Given data -
-- Opening Marker --

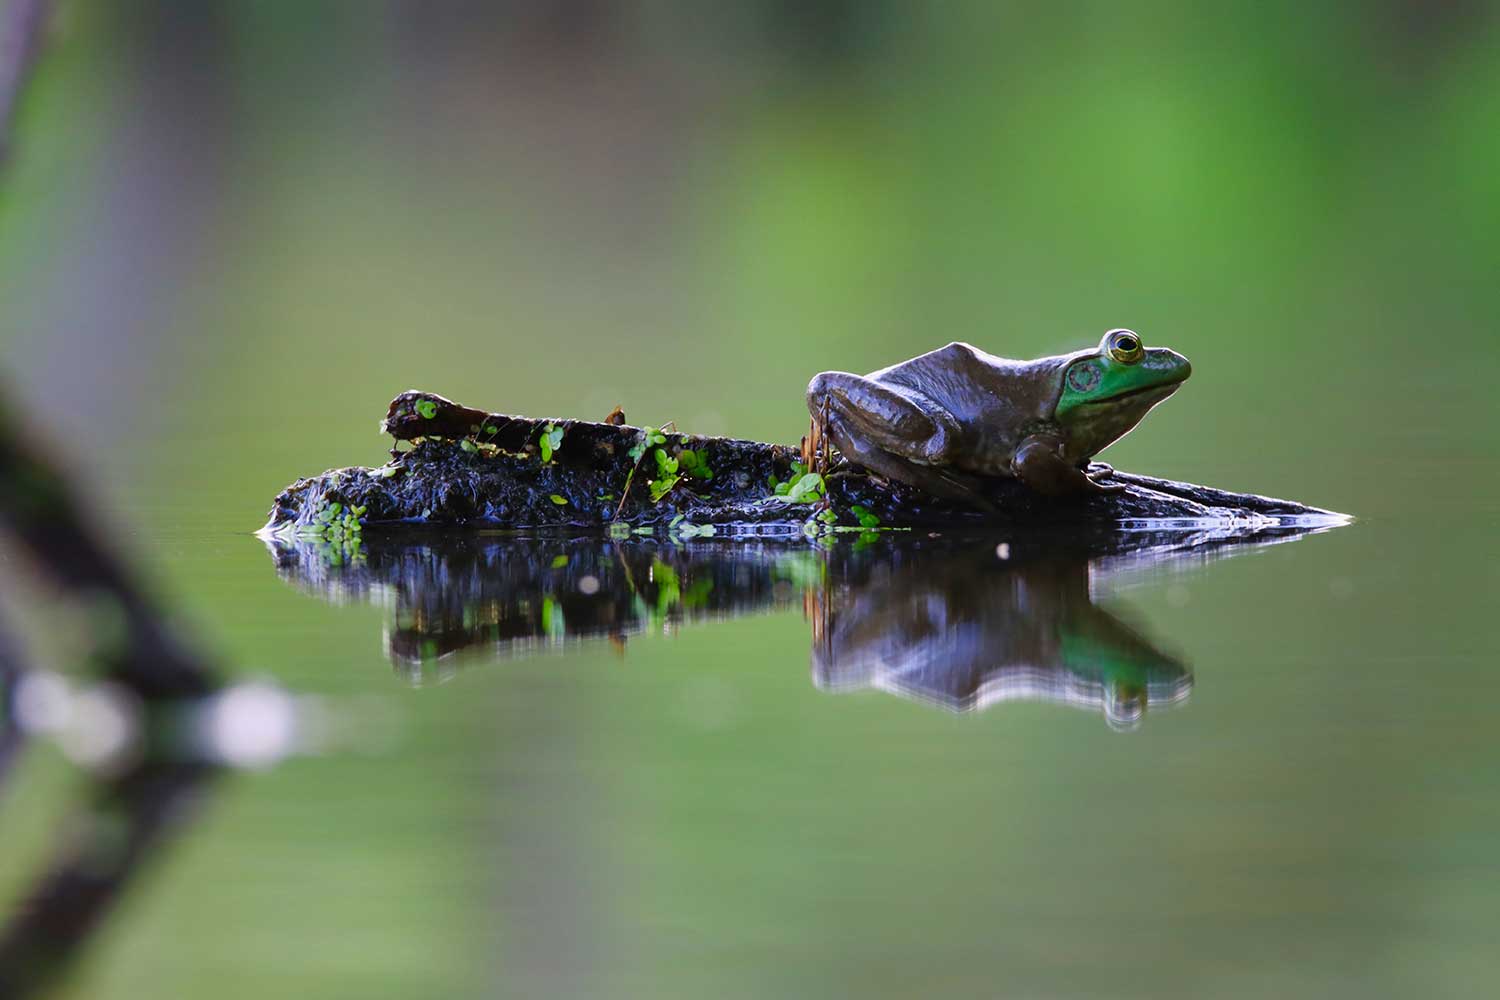 A bullfrog on a log in the water.
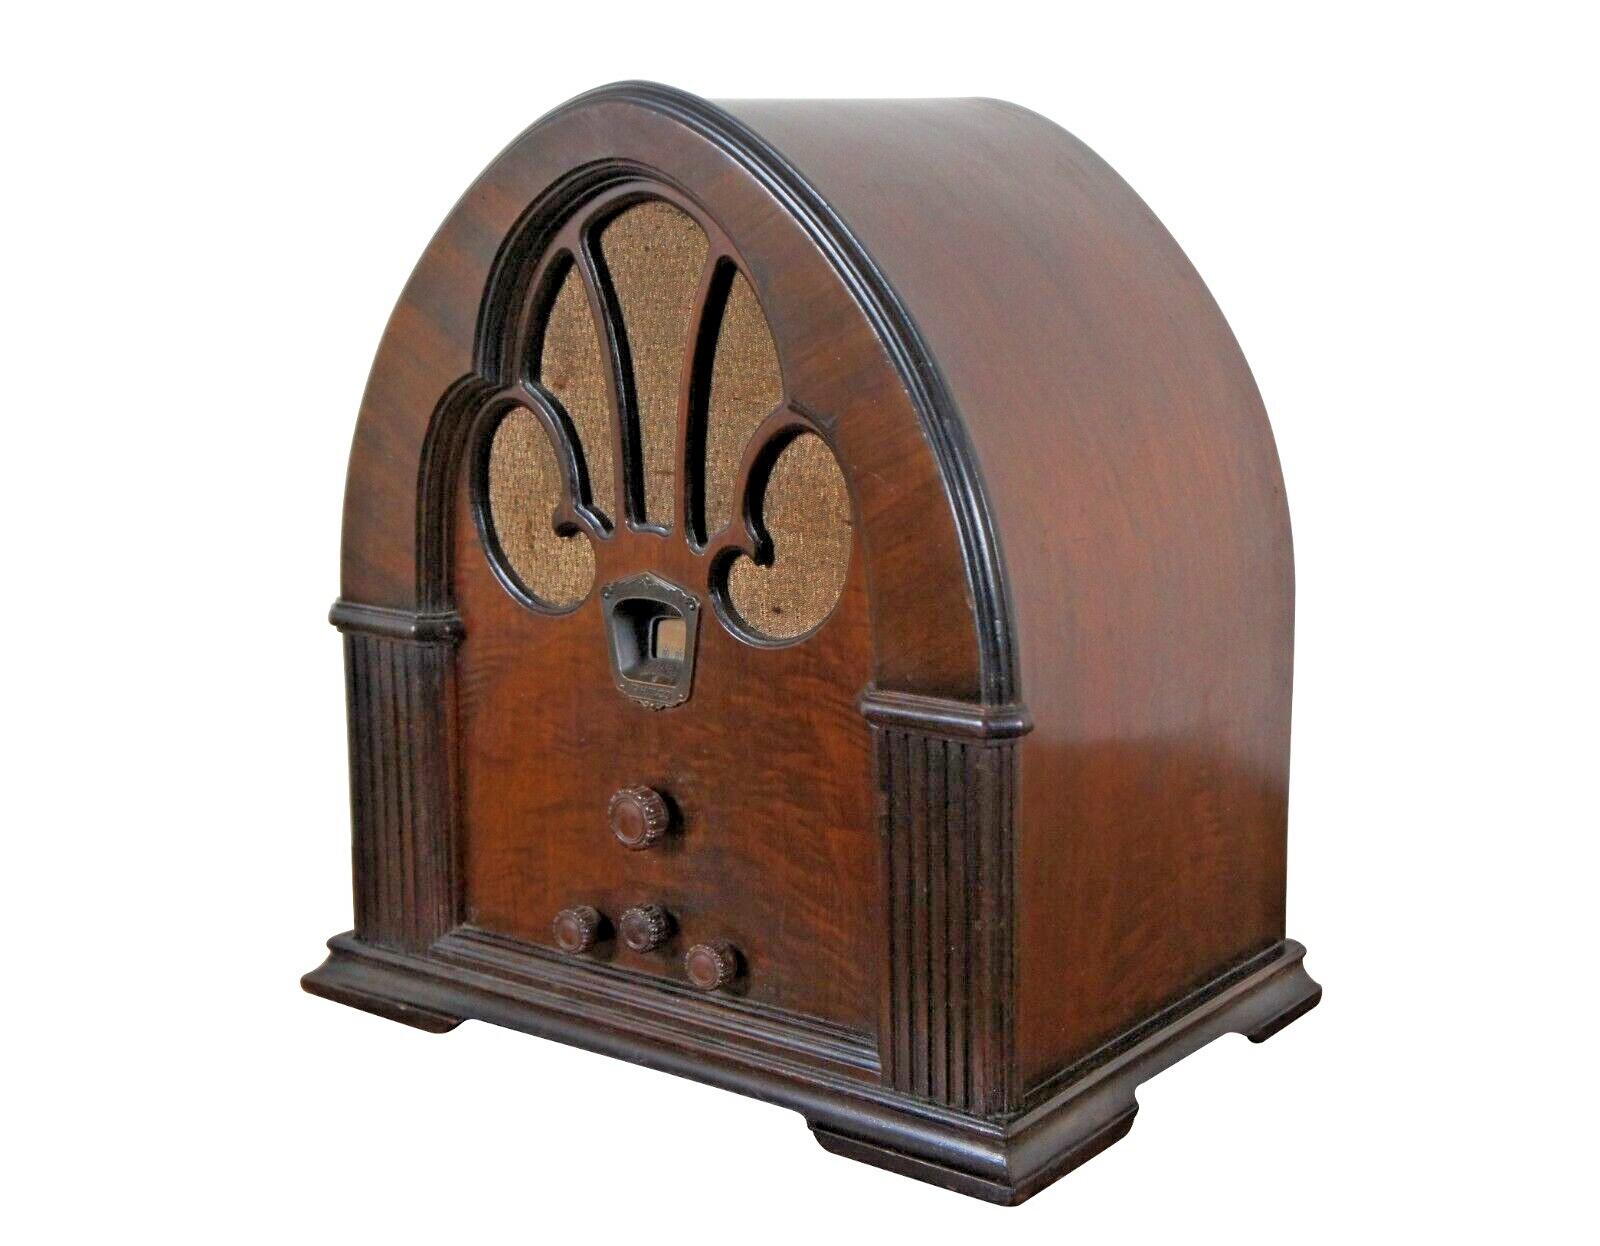 Antique Philco Model 90 Baby Grand Super Heterodyne radio featuring a cathedral style walnut cabinet / case, molded rosette style Bakelite knobs, and golden beige grill cloth.

Referred to as

-- Closing Marker --

Task instructions -
Give back the full listing verbatim, skipping each picture.

Problem solution -
 A bullfrog on a log in the water.
 Antique Philco Model 90 Baby Grand Super Heterodyne radio featuring a cathedral style walnut cabinet / case, molded rosette style Bakelite knobs, and golden beige grill cloth.

Referred to as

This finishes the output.